この影響は、不動産市場全体に大きく広がっている。法律事務所ウェイル・ゴットシャル・アンド・マンジェスが集計したデータに基づくと、今年第1・四半期に欧州で苦境に陥ったセクターの指数で筆頭に位置したのが不動産。バリュエーションや流動性、投資動向といった面で圧迫された。

特に家計や投資家の不動産市場向けエクスポージャーが高いスウェーデンで、問題の深刻さが浮き彫りになった。膨らんだ借入額と金利上昇、経済の不振が重なり、地元の商業不動産企業の幾つかは、投機的格付けへの格下げに直面した。

多くの企業が株主や環境団体、規制当局に迫られる形で設定した環境関連目標の達成期限が近づいていることも、オフィス面積縮小を促す大きな要因だ。

ペレナ・キャピタル・マネジメントの共同創業者ジェラルディン・デイビーズ氏は「大手企業は事業モデルを変えなければならず、できる限り環境保護の方針を追求する姿勢が必要になっている」と指摘した。

<従業員はオフィスに戻らず>

HSBCの場合、世界全体でオフィス面積を40%前後減らす目標を掲げており、これは大手企業の中でも屈指の踏み込み方だ。

2026年終盤に本社を旧BTのオフィスを再開発した「パノラマ・セントポールズ」に移す予定。総面積は55万6000平方フィートと、HSBCタワーの110万平方フィートの半分程度に過ぎない。

カナリーワーフ地区にとっては、HSBCの決定は非常にタイミングが悪い。やはり長らく同地区に拠点を置いてきたクレディ・スイスが、UBSに救済合併されたことで去就に不透明感が出ているからだ。クレディ・スイスでは今後、数千人規模の人員削減が計画されている。

同地区を運営しているカナリーワーフ・グループも手をこまねいているわけではなく、巨大な生命科学キャンパスを開発したり、より多くの集合住宅や飲食店を建設したりして、金融セクター以外にテナントを広げる努力をしている。

それでもムーディーズは5月、不動産セクターの先行きが厳しいことを理由に挙げて、カナリーワーフ・グループの格付けを引き下げた。
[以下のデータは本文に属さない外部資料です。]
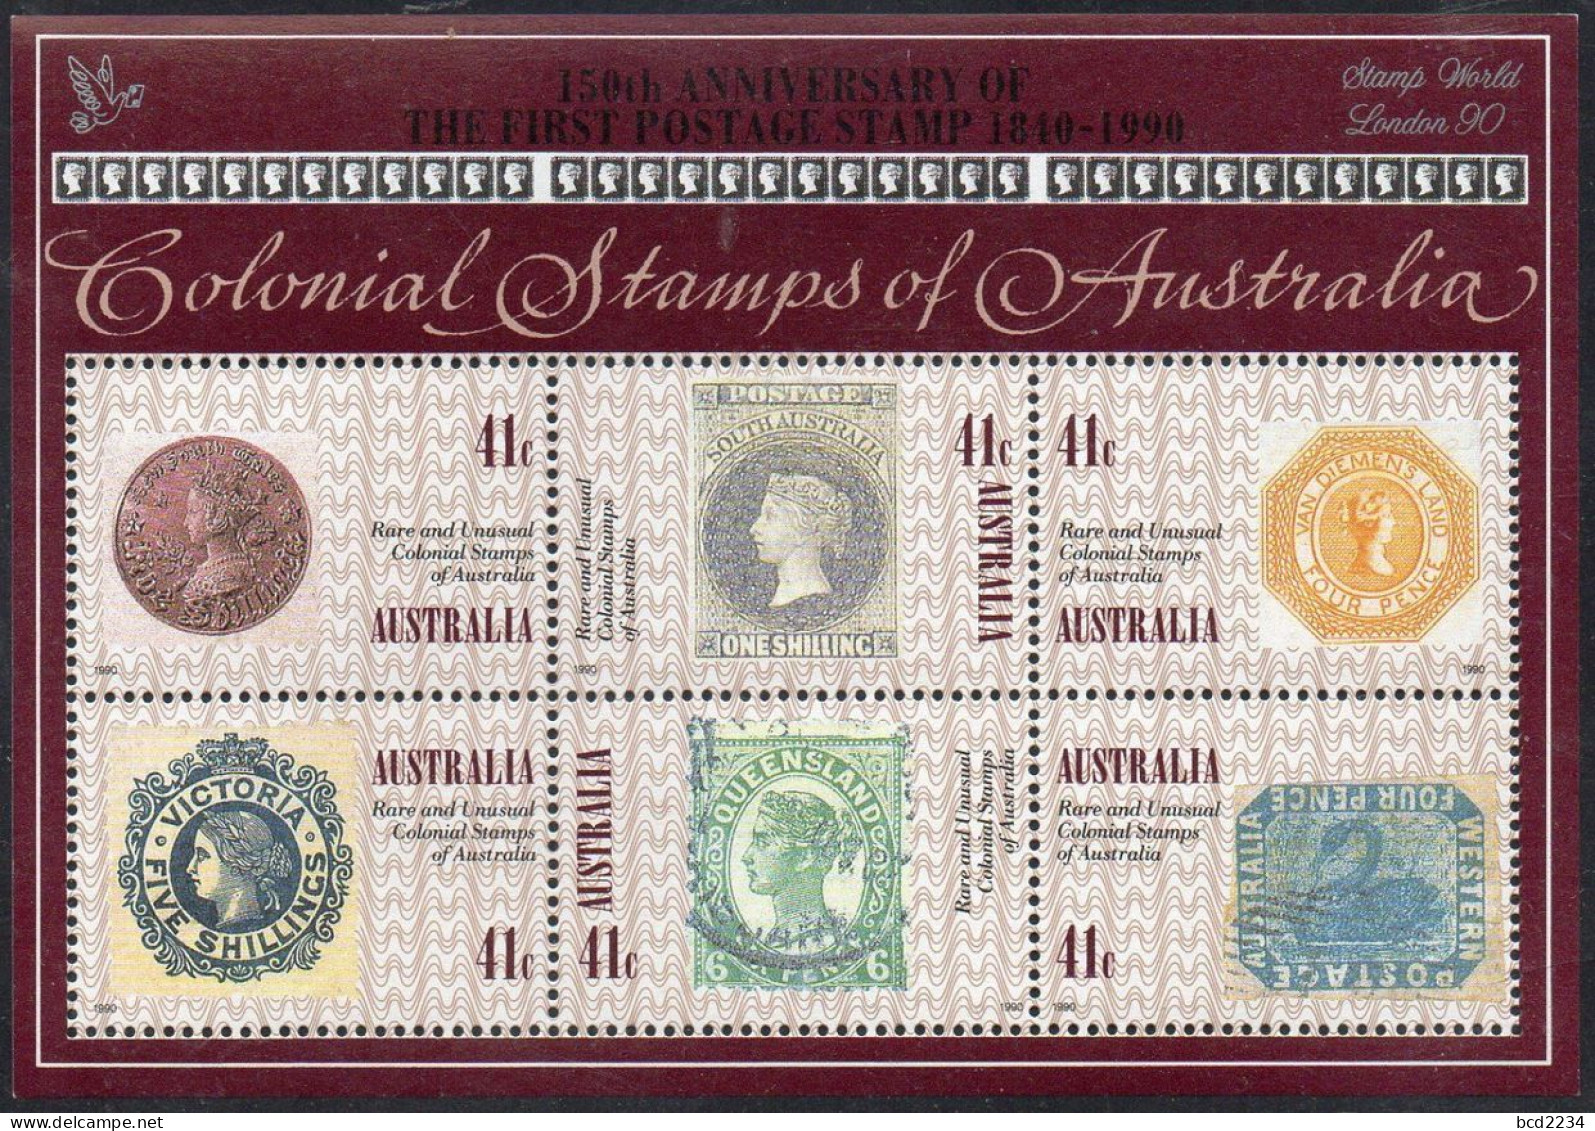 AUSTRALIA 1990 RARE & UNUSUAL COLONIAL STAMPS X10 + SILVER STAMP WORLD LONDON 90 OVERPRINT SG MS1253 Mi BL 10 MNH - Briefmarken Auf Briefmarken

ブルームバーグの報道によると、カナリーワーフで最近、再開発が完了した旧トムソン・ロイター本社の「YYビル」もまだ、テナントが入っていない。

コンサルティング会社アドバンスト・ワークプレース・アソシエーツの創業者アンドルー・モーソン氏は「まさに覆水盆に返らずだ。従業員は、以前のような形でオフィスに戻ってくることはない」と言い切った。